I was not going to answer this question rsrs, but ...
Come on, you want something cool to play with? or something professional?
Professional - You have nowhere to run, you will have to work with neural networks, this demands a well-crafted Artificial Intelligence, everything is segmented word for word, each one receives a certain grammatical classification (verb, adjective, nouns, pronouns, etc), this will separate your entire sentence into grammatical categories, later it will be used to compose the context as a whole, it's really something complex ...
Child's play - At the beginning of the internet, the search engines in the late 90's did not have IA
to interpret a phrase entered in the search, but what was it like? - Levenshtein is the answer, a widely used algorithm for finding close / similar words, for example if a person type "abacachi" how would we know he meant "pineapple"? Levenshtein does this, he calculates the minimum distance between two words, imagine in his example:
"Vai chover amanhã?"
"Vou precisar de uma guarda chuva amanhã?"
Imagine that in your system you only have one base knowing the word chuva
, temperatura
and clima
or just three words to define an action for weather forecast, as those three words in your small bank would understand these your sentences?
A: Segment all words and apply Levenshtein algorithm to each word, in the first sentence you will get a good score of the word chover
when compared to the word of your bank chuva
, ie the word raining will stand out as the best score in relation to the other words of the phrase, this already gives you clues that your phrase may have the climate and you could take an action depending on the scores of the other words in that sentence. The same happens for the next sentence that will have a distance equal to 0
returned by the algorithm of course the two words are equal ...
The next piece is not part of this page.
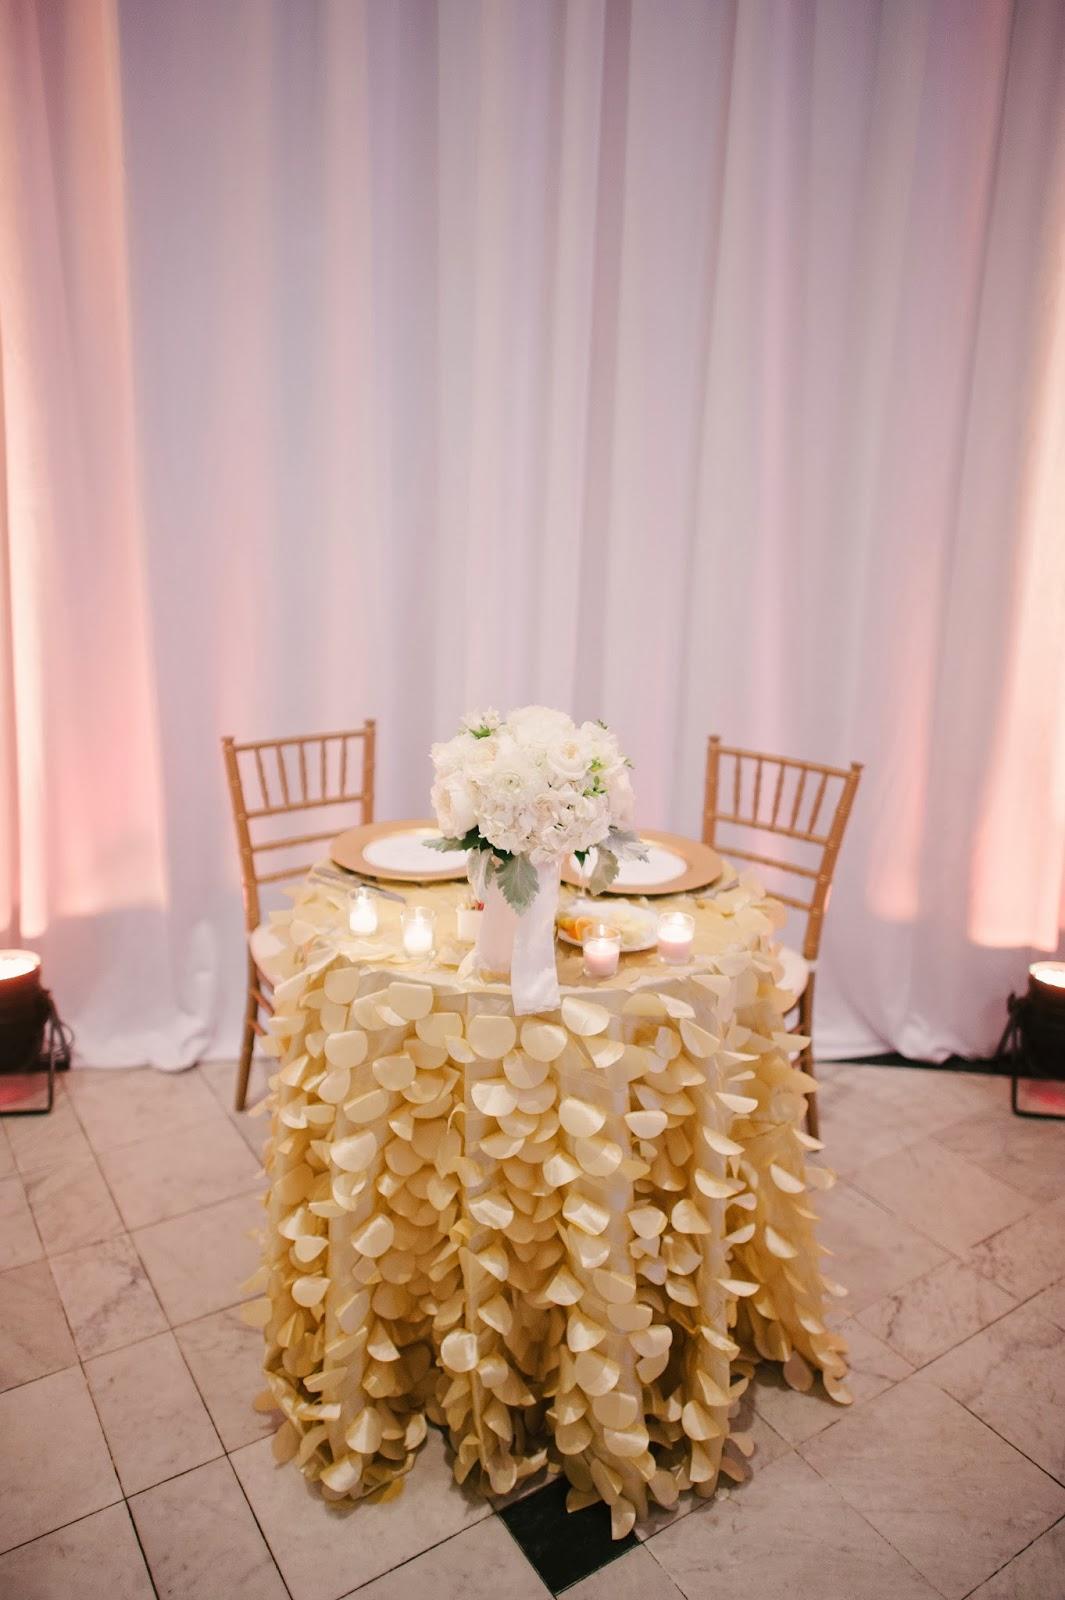 At Last Wedding Event Design November

See the expected results for Levenshtein for his first sentence:
chuva => vai = distancia de 4
chuva => chover = distancia de 3
chuva => amanhã = distancia de 6
Shortest distance is the word chover
is an excellent score for a word with 6 characters, notice the word vai
the word only has 3 characters but has a distance of 4, we can say that it is completely different from the word and it has to be discarded right away, you can get the idea of how everything works / works, this algorithm is still very used ...